The Official Blog of Iain Rob Wright: A - Z of Surviving a Horror Movie

Tuesday, 26 July 2011

A - Z of Surviving a Horror Movie


Hillary Clinton - Hillary Clinton is a 'body-snatcher' and had once intended to use her husband/man-puppet to enslave the world.  Unfortunately he could not keep it in his pants and we were left with George Bush instead - although he was almost just as much a threat to the free-world as any body-snatcher could be.

HAL - Hal was an AI-governed machine that got insanely drunk one night and tried to take out his rotten hangover the following morning on the inhabitants of a spaceship.  The lesson that HAL gave to us all was that machines should not drink - not even light-ale.

Hockey - A hockey stick makes a good weapon against a killer but eventually it will snap into pieces and leave you defensless.  A hockey skate can be used to slit throats but is more likely to be emplyed by the bad guy against you.  Hockey masks have been trademarked by Jason Vorhees so you can't use them in any fashion in a horror film or else his mother will sue you (and you really don't wanna mess with that bitch!).

Hasslehoff - The 'hoff' has more magical power in just his chest hair alone that he could easily take on any supernatural threat to humanity with ease.  Unfortunately he is deluded and self-centred and would refuse to offer any kind of assistance unless you pay him obscene amounts of money.

Hangman - If you encounter a hangman then its already too late for you.  It's even worse than bumping into 'electric-chair guy' or 'lethal-injection dude'.

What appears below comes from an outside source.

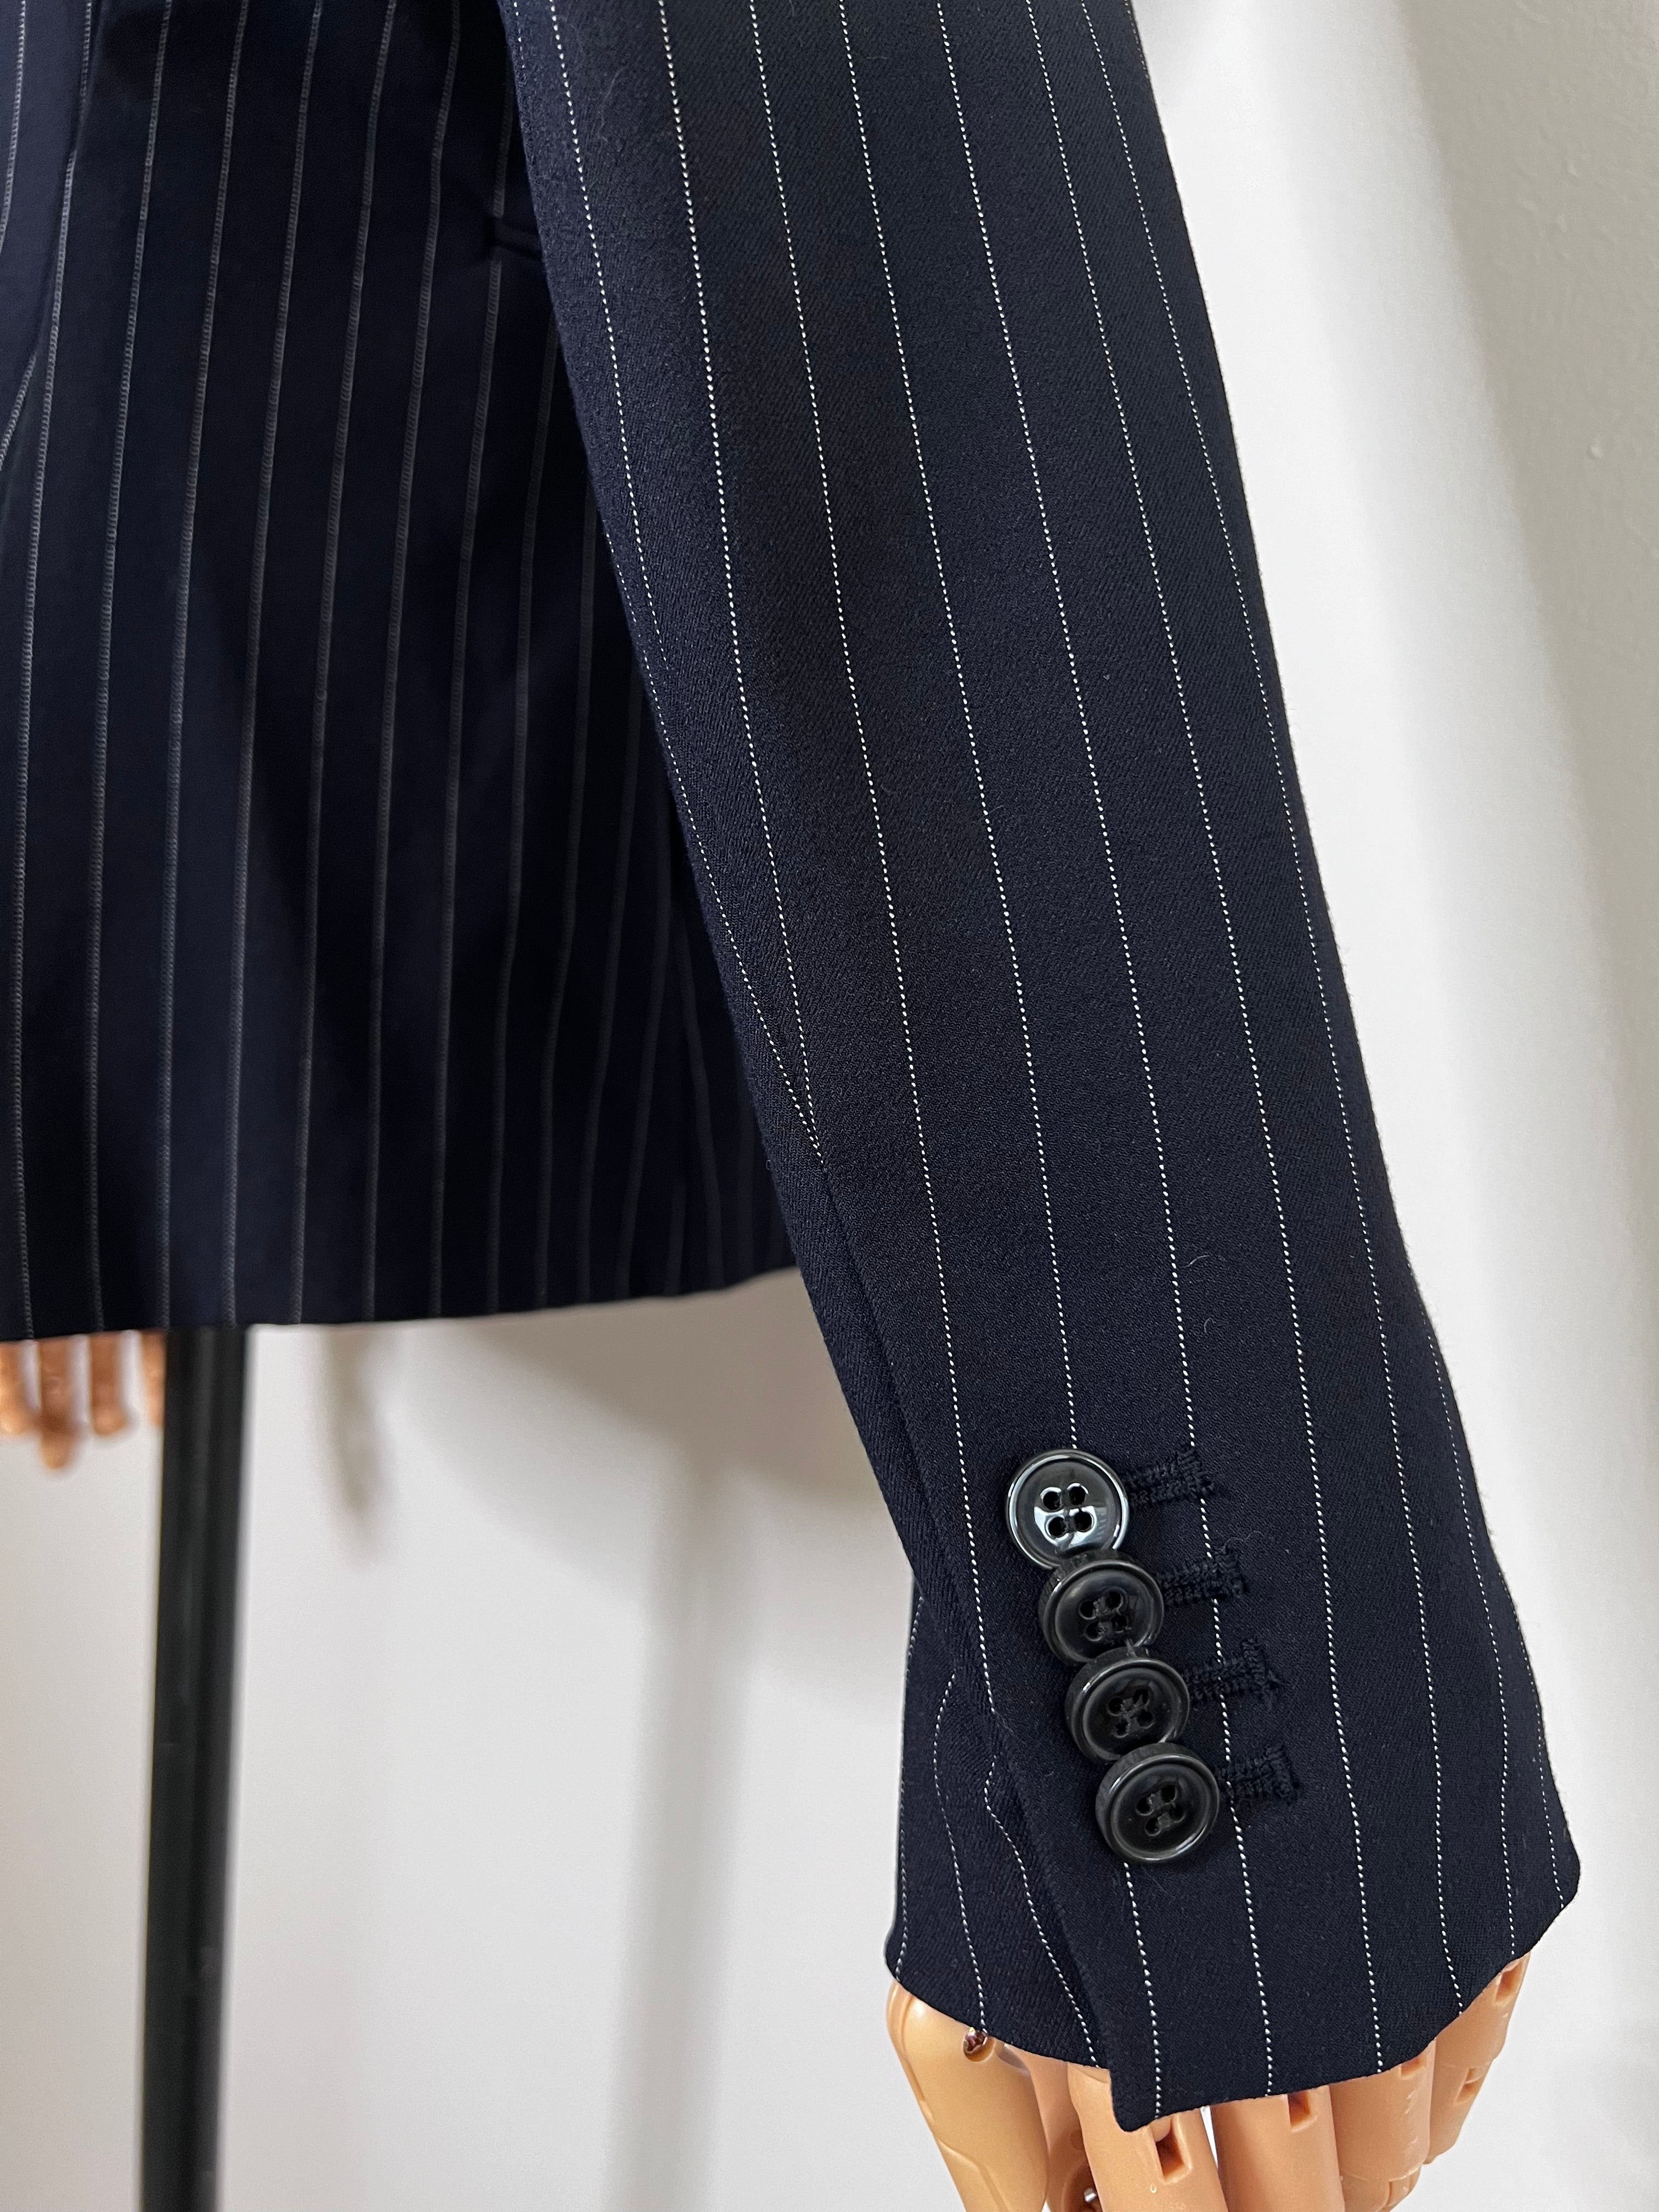 Dark blue pinstriped fitted jacket in a stretch weave with lapel and front hook & welt pockets - H&M
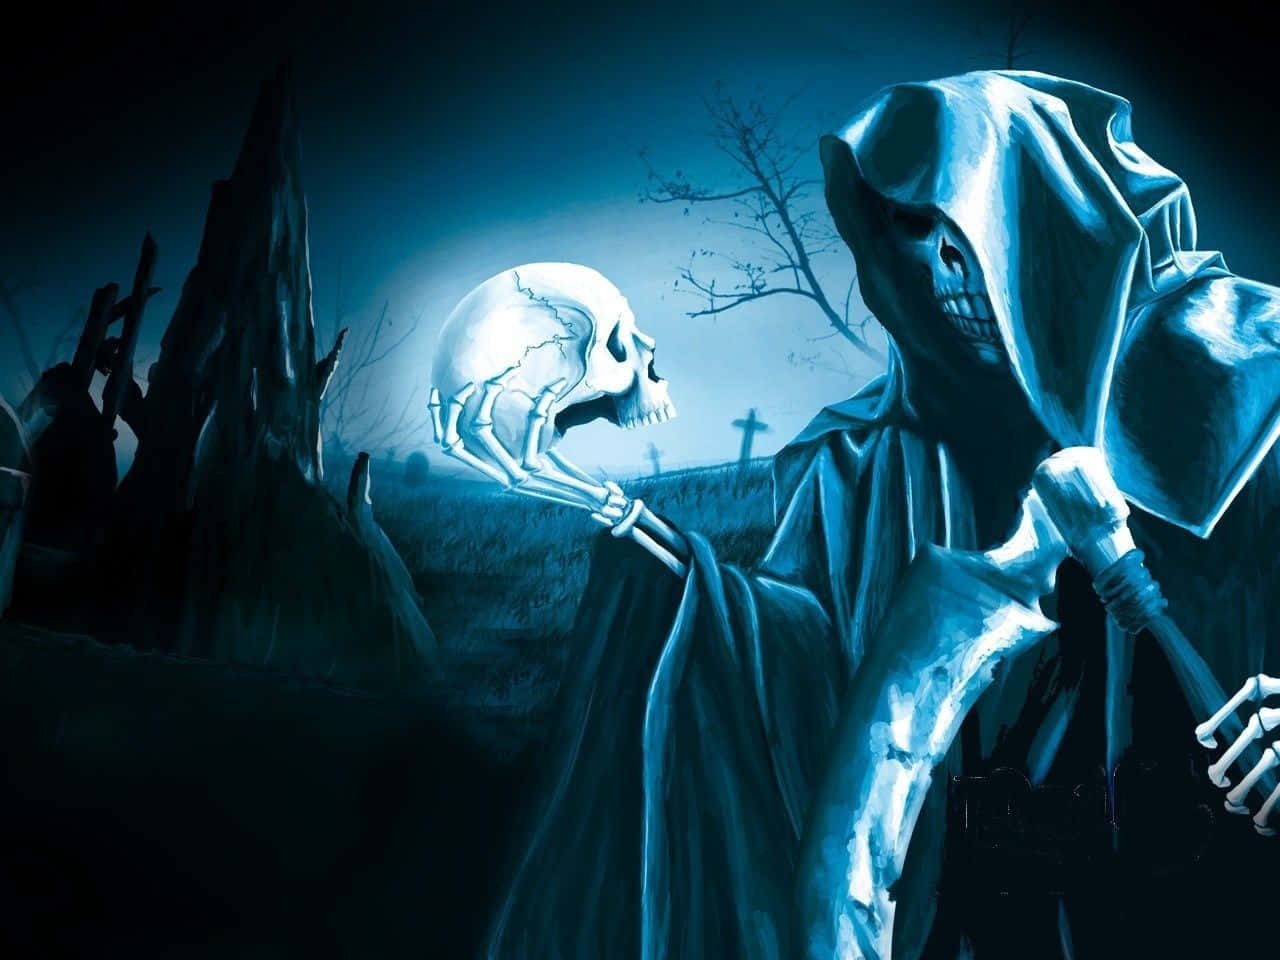 Explore the depths of the underworld with the Grim Reaper

Hatchet - A hatchet is typically a weapon of the bad guy, but you could potentially meet a friendly Indian (Native American), and if they offer you the use of their hatchet then you should feel free to use it.  Sharpen it first though; there's nothing worse than a pefectly-aimed hatchet toss that results in the blade bouncing off someone's head and leaving nothing but a nasty bruise.

Harmonica - If you hear a harmonica then you are in the 'deep south'.  The deep south is full of redneck rapists and cannibals, as well as awful banjo music.  If you are in the deep south you should head north immedietly, ignoring any police officers with mirrored-sunglasses that tell you to 'getch yer ass in ma car!'  You may also bump into Britney Spears and if you do you should kill her.  Why?  Just cus...

Hate - You may find this tattooed across the knuckles of your roommate in prison.  If that is the case then I am glad I am not you!

Herpes - This disease gives you blisters on your winky!  If that isn't horror I don't know what is.

Heads - Heads are good when they are attached to a neck; if they are not attached to a neck then that is very bad.  If you see a head on a spike then this is even worse.  Remove the head and use the spike to arm yourself immediately.

Hot Sauce - Can be used to kill mafia goons with stomach ulcers (see Dumb and Dumber).  Is delicious with chicken.